April 18, 2024

Bits: Google+ Gains Traction, Researcher Says

Julian Staratenschulte/European Pressphoto Agency

Google’s mission to compete with Facebook in social networking may be gaining speed.

On Tuesday Paul Allen, a researcher, published an analysis saying that Google+, the company’s social networking service, has reached 62 million registered users. More important, one-quarter of all users signed up in December alone, he said, putting it on a path to sustained global growth.

Mr. Allen has an admitted self-interest in seeing Google+ succeed; he makes applications designed to be used on social networks. And his methodology in coming up with the number of users is innovative, and not exactly ironclad. He gathered from the United States Census Bureau a list of 400 surnames that are uncommon in the United States, like Distler, Wooding and Loup. Using Elance, a Web site where freelancers bid for jobs, he got a count of the number of people with those names on Google+, and extrapolated from his list what those numbers say about the overall population of Google+.

Over time, Mr. Allen has changed the mix of names to try to reflect the number of people on Google+ outside the United States, where some of those names might be more common.

Mr.
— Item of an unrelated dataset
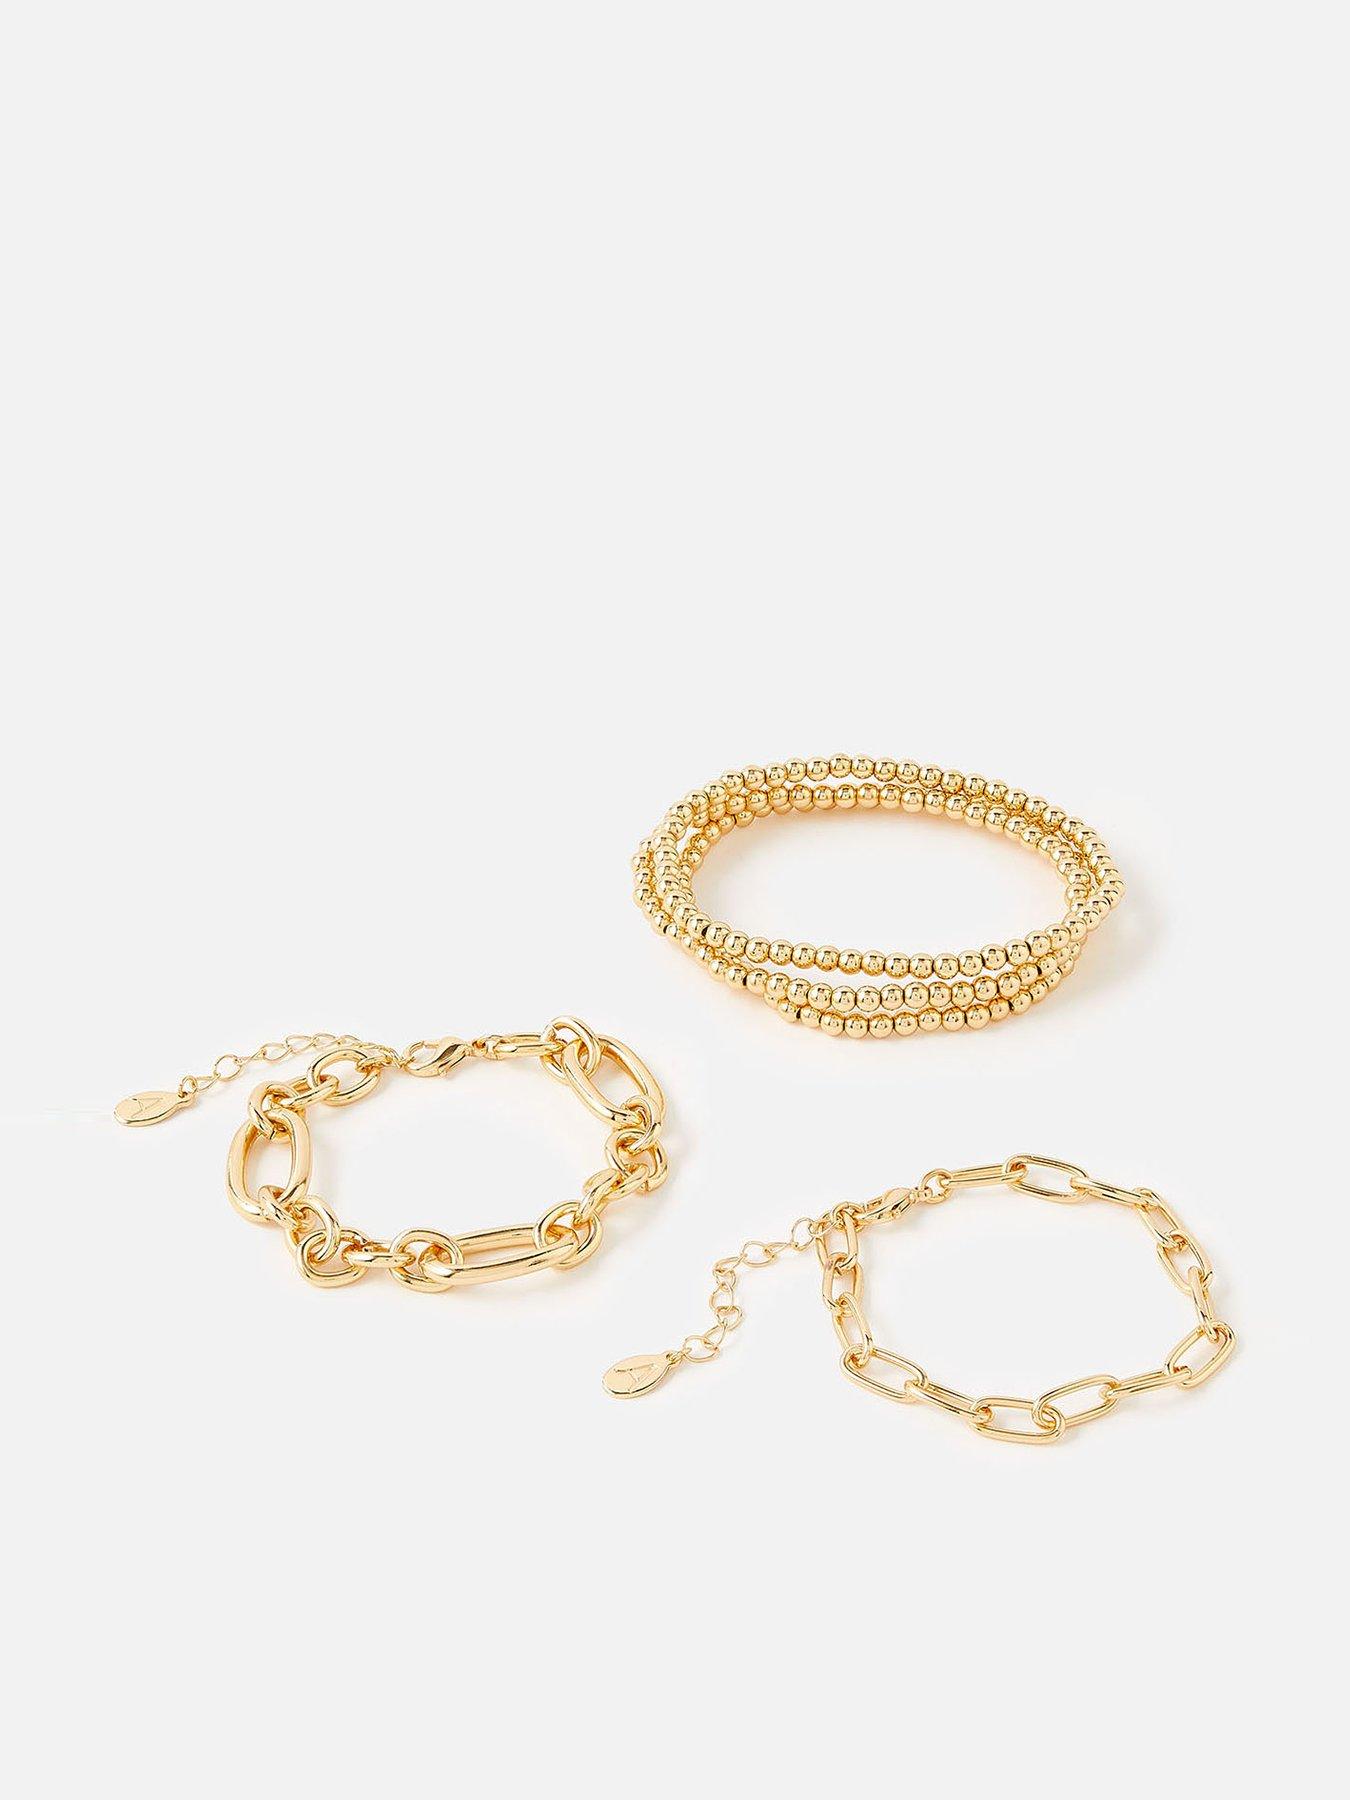 WOMEN FASHION Accessories Bracelet NoName bracelet Golden Single discount 63%

Allen also tracks his estimates against information Google provides about the population of Google+ during its quarterly earnings calls. In July, Google said Google+ had 10 million members. In October, the number was 40 million. Google does not supply additional information about the population of Google+.

In Mr. Allen’s analysis, the high percentage of new users matters, because it would mean Google is getting people to join at an accelerating rate. “It’s gaining 625,000 people a day,” Mr. Allen said in an interview. “In the last week of November it was signing up 199,000 a day.” By the end of this month, Mr. Allen thinks Google+ will have 65 million users. When Google next announces its earnings in mid-January, he said, “I expect Larry Page will announce they have 75 million people.”

Maybe so, but a more important issue is whether an acceleration in sign-ups will continue. There is some reason to believe it will, because social networks tend to become more useful to people as more people they know join them, and keep them entertained with status updates and links to other things on the Web. Also, new versions of Android, Google’s mobile operating system, will have automatic signups for Google+. That will drive traffic, possibly along with some usage-killing resentment from being dragooned into yet another social network.

“Projecting my numbers linearly, they’ll have 293 million people by the end of 2012,” Mr. Allen said. But, he added that he thinks things will really speed up, to 400 million users. “I’m very bullish,” he said.

While that number is still less than the minimum of 800 million people that Facebook claims (and its total is probably much higher than that, because Facebook would like to file for its initial public offering with some kind of eye-popping number), it would make Google+ the second-largest social network within 18 months of introduction.

Mr. Allen’s analysis doesn’t look at the important statistic of total time spent on Google+ per user, and whether that is increasing. That number tends to show loyalty, and provides advertisers with more clues about what to pitch users while they are on the site. Facebook’s new Timeline feature, which allows people to insert older photos and mementos to create a narrative of their lives, will probably increase time spent on Facebook, as well as decrease the chances that people will leave that site. Timeline will also, Mr. Allen noted, enable more app discovery, as people see what games, sites, and social tools their friends are using.

Mr. Allen’s guess about the population in Google+ is not the highest one around. Last week the Global Web Index analysis firm claimed that Google+ had 150 million members. But it didn’t say how it reached that figure.